Antigamente, disse-me aquelle meu amigo, faziam-se as eleições da seguinte fórma.

Em 1828, por exemplo, quando se mandou proceder á eleição dos tres estados, o governo expediu uma circular, que se acha impressa, em que só recommendava aos juizes de fóra que tivessem por bem proceder ás eleições, mas que deviam attender que os individuos suspeitos não era conveniente que fossem admittidos a votar.

De maneira que os juizes de fóra, no momento da eleição, tinham que dizer a qualquer individuo, de cujas idéas politicas desconfiavam: "O senhor é suspeito, e da parte de El-Rei intimo-o a não votar."

Na actualidade acontece quasi o mesmo. Agora é o administrador do concelho que deve entender nas suspeições, e o ministro do reino (ou quem faz as suas vezes, quando exerce estas funcções o sr.
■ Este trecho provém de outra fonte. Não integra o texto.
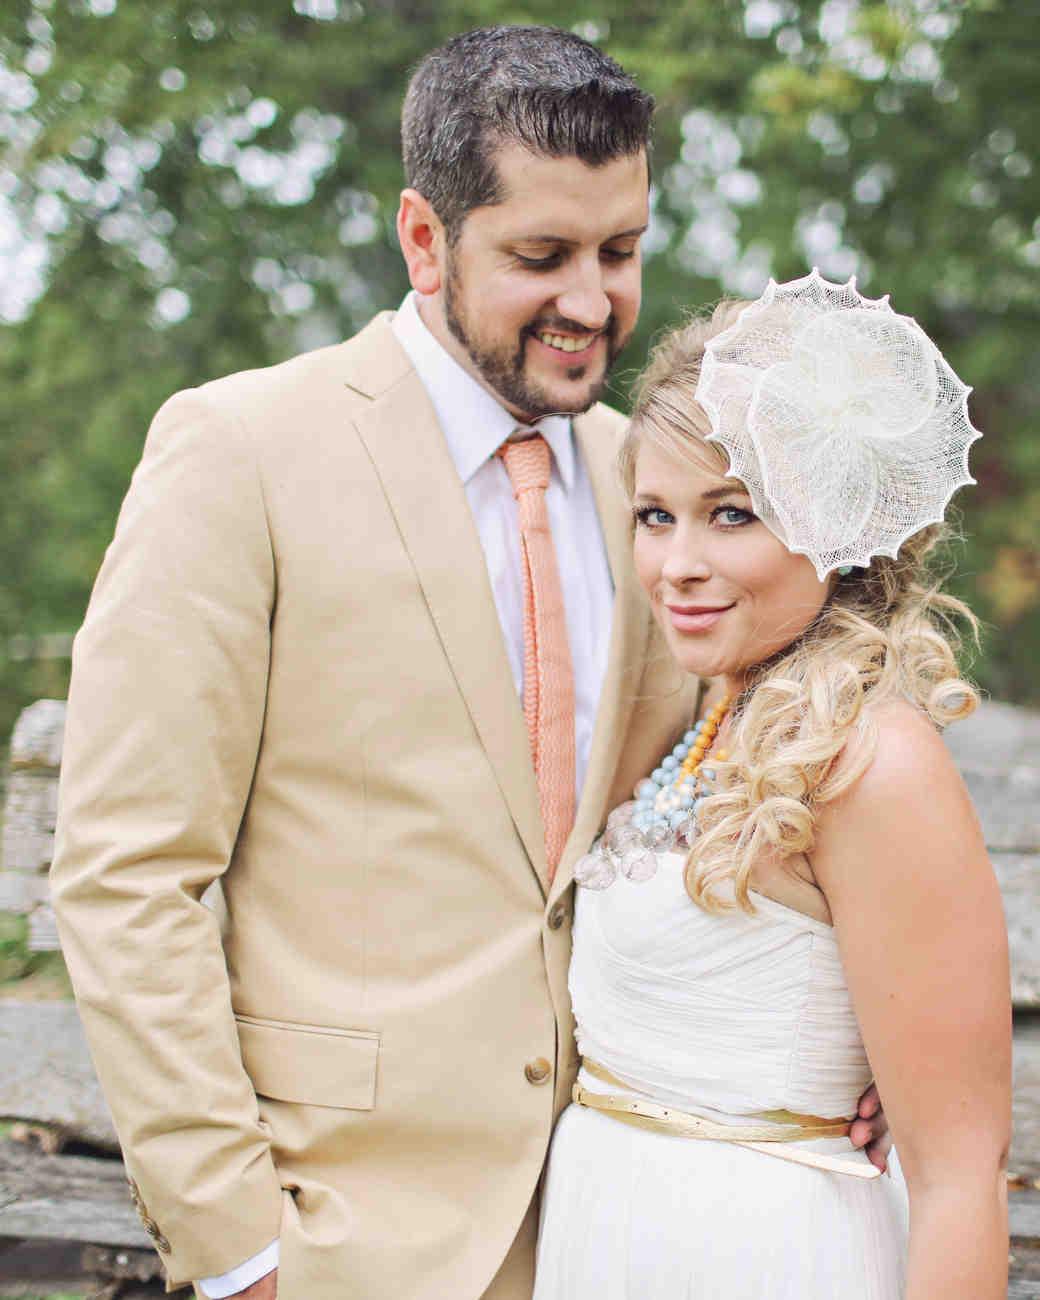 A Whimsical, Casual DIY Wedding In A Barn In Idaho

Sampaio) procede de modo que não destoa senão pela fórma do antigo regimen, haja vista a maneira por que se procedeu na eleições de Aveiro, mandando-se proceder duas vezes á eleição de certas corporações, em condições extra-legaes, mandando mesmo suspender a execução das leis, praticando emfim os actos, que aqui e na outra camara se discutiram com relação ás eleições de Belem; e depois de tudo isto, preparado o terreno, diz-se ainda ao administrador do concelho: "olhe que os povos hão de dar o seu voto a fulano, arranje-se como quizer; mas esse fulano é que ha de ser eleito; d'isso dependerá a sua carreira, o seu adiantamento n'ella".
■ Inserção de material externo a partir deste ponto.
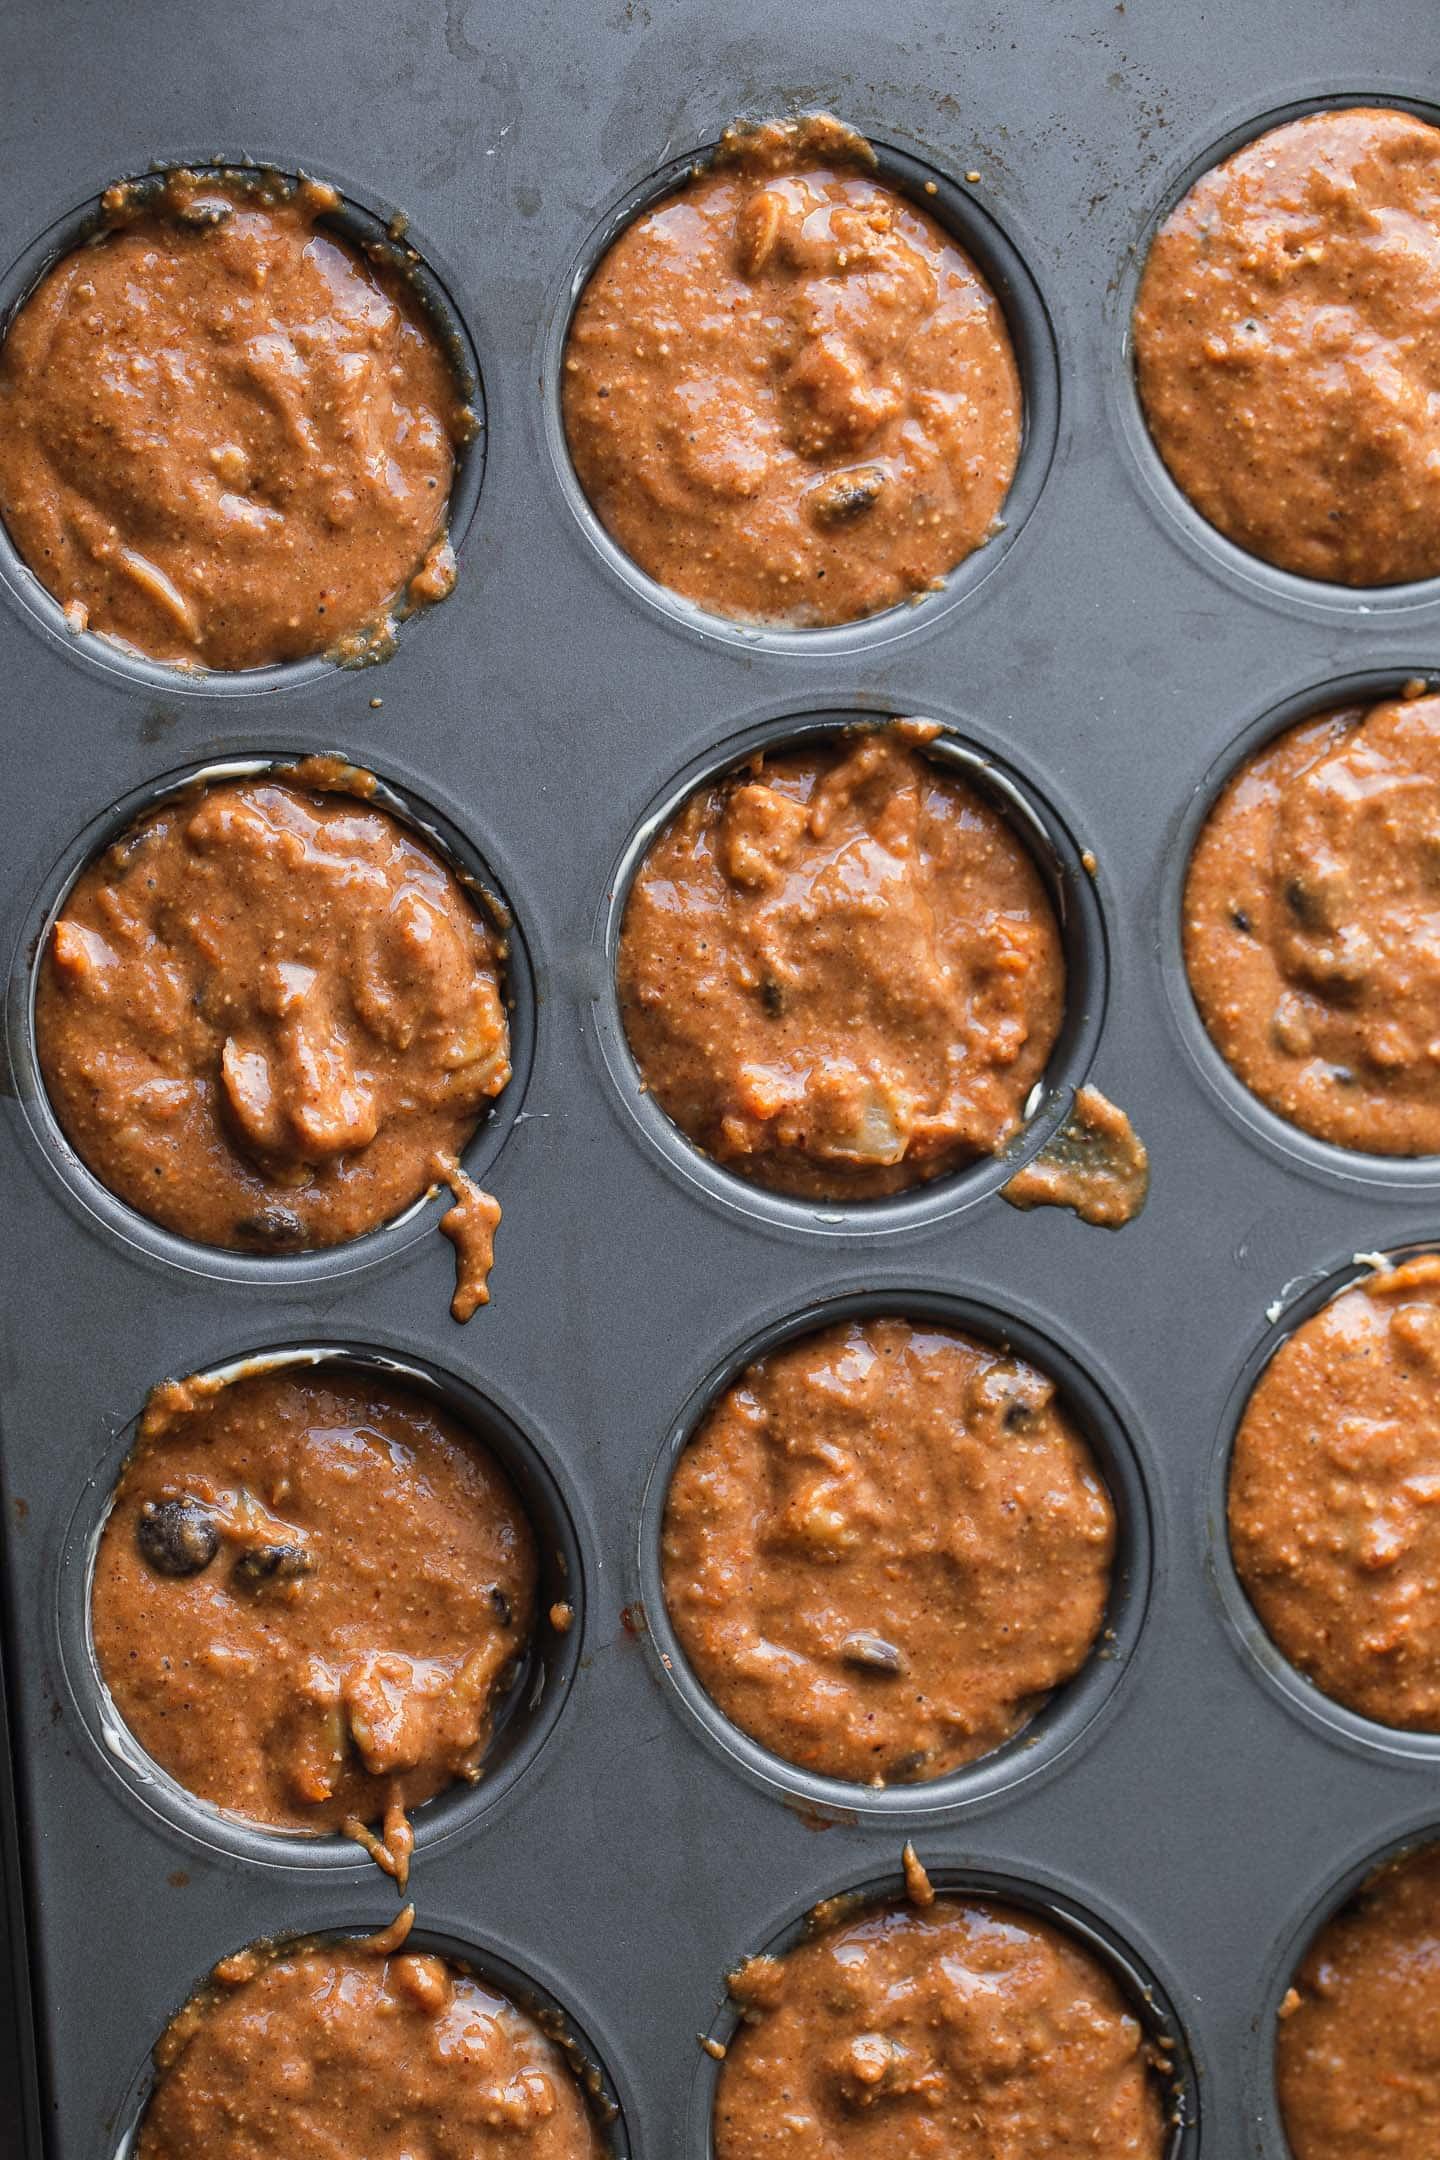 Pumpkin muffin batter in a muffin tray

E ahi tem v. exa. armado o campo da corrupção e da violencia; os que têem interesses dependentes da auctoridade, e são muitos; os que têem de lhe prestar contas de confrarias, como administradores; os que têem filhos recenseados ou a recensear; e os que, por pouco esclarecidos, temem demasiadamente a acção da auctoridade, e, mais ainda, as vinganças dos tyranetes ou mandões, que em grande escala se têem creado á sombra d'este governo, buscara o seu socego, abatendo a sua dignidade perante elles; concorrem com o seu voto para virem essas maiorias, que não são a expressão da vontade popular, mas sim da vontade ministerial.

E o que digo com relação a este governo póde applicar-se, em grande parte, a outros governos.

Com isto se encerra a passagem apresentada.